MacBook Air and eye strain
I absolutely do. All of the new products with screens that apple makes currently are unusable for me. I wish I could get apple to confirm, but I am close to 100% certain my issue is temporal dithering. This is the only common factor I have found across displays I have issues with. PWM doesn't bother me apparently according to what I use currently.
Clokwork Consider emailing accessibility AT apple.com. If enough people do it, they might take this seriously.
Apple spends a lot of time to develop VoiceOver screenreaders for blind people. That's a minority of the population, like us. We need to make Apple care by letting them know this issue exists.
I've never tried the iphone 11, 12 and 13 so i can't reply.
I am using also the pixel 4A and it's fine for me.
Recenter Apple product that i've tried with bad results are:
- Ipad Pro 10,5" (i am still using the ipad air 2)
- MBA 2018
- MBP 16" 2019
I've had the hypothesis that display resolution could matter too. What baffles me a little is that my TV is "2k". It accepts 4k signals. I did have to dumb down my projector from 4k to 1080p, but 1080p is its' native form.
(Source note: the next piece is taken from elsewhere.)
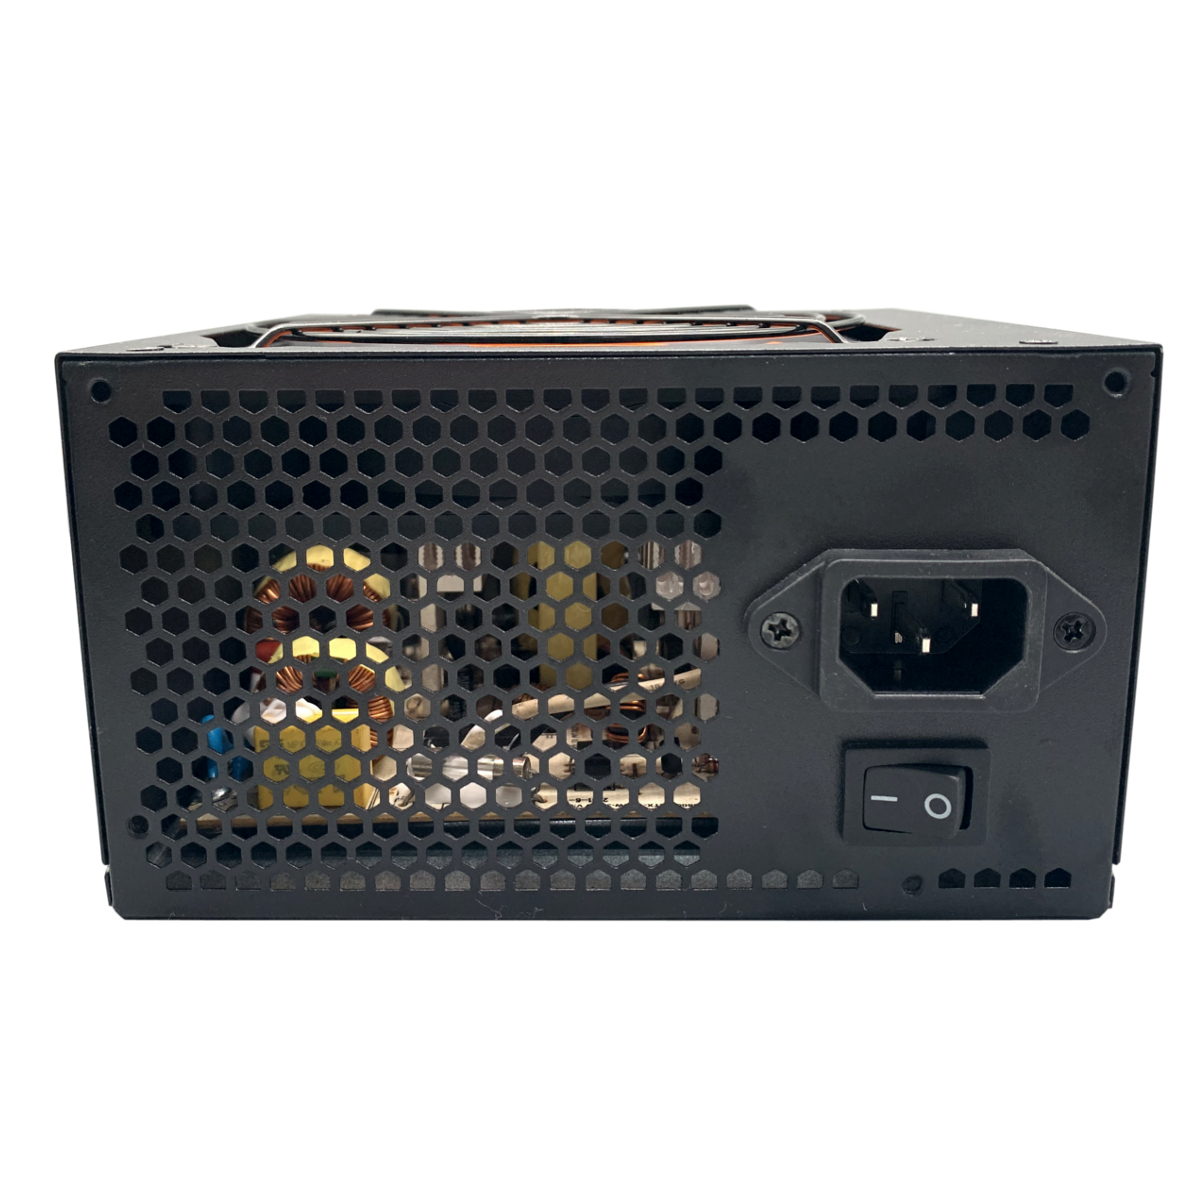 450W-Gaming-PC-Desktop-Computer-ATX-12V-Power-Supply-24-Pin-PCI-120mm-LED-Fan-1709950-10
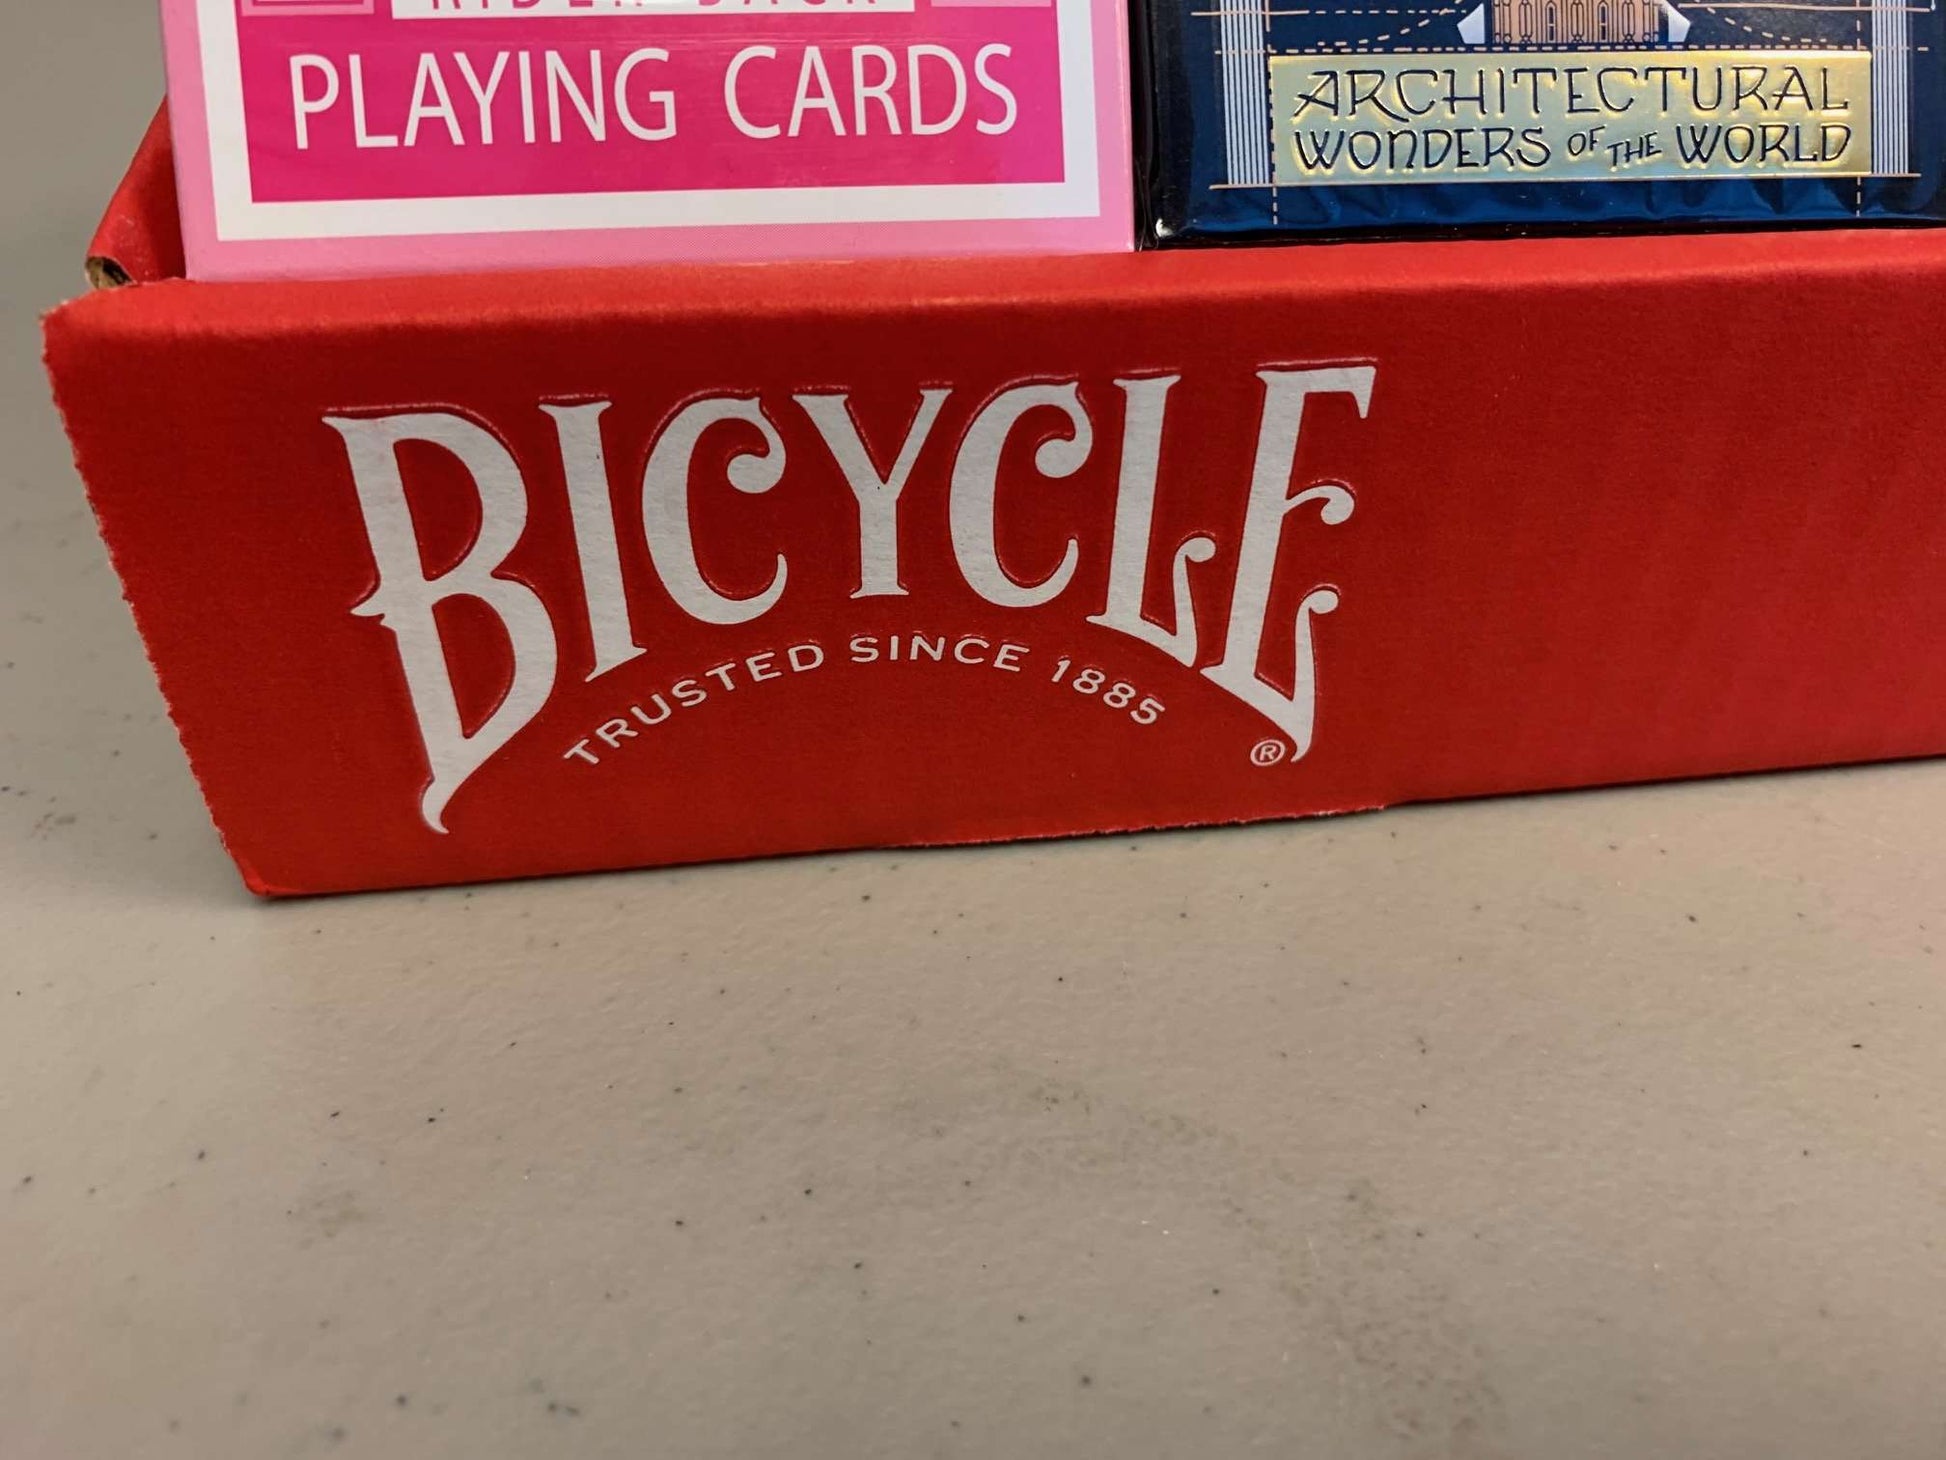 PlayingCardDecks.com-24 Mystery Bicycle Decks With Display

It basically shakes the pixels really fast to simulate 4K. My current monitor is 1080p and the one I am eyeing is 2k.
Higher resolutions mean the UI needs to be scaled up. Which could lead to fancy upscaling that causes us issues.
This calculator is a good tool. https://www.calculatorsoup.com/calculators/technology/ppi-calculator.php
Anything over 100ppi I struggle to read.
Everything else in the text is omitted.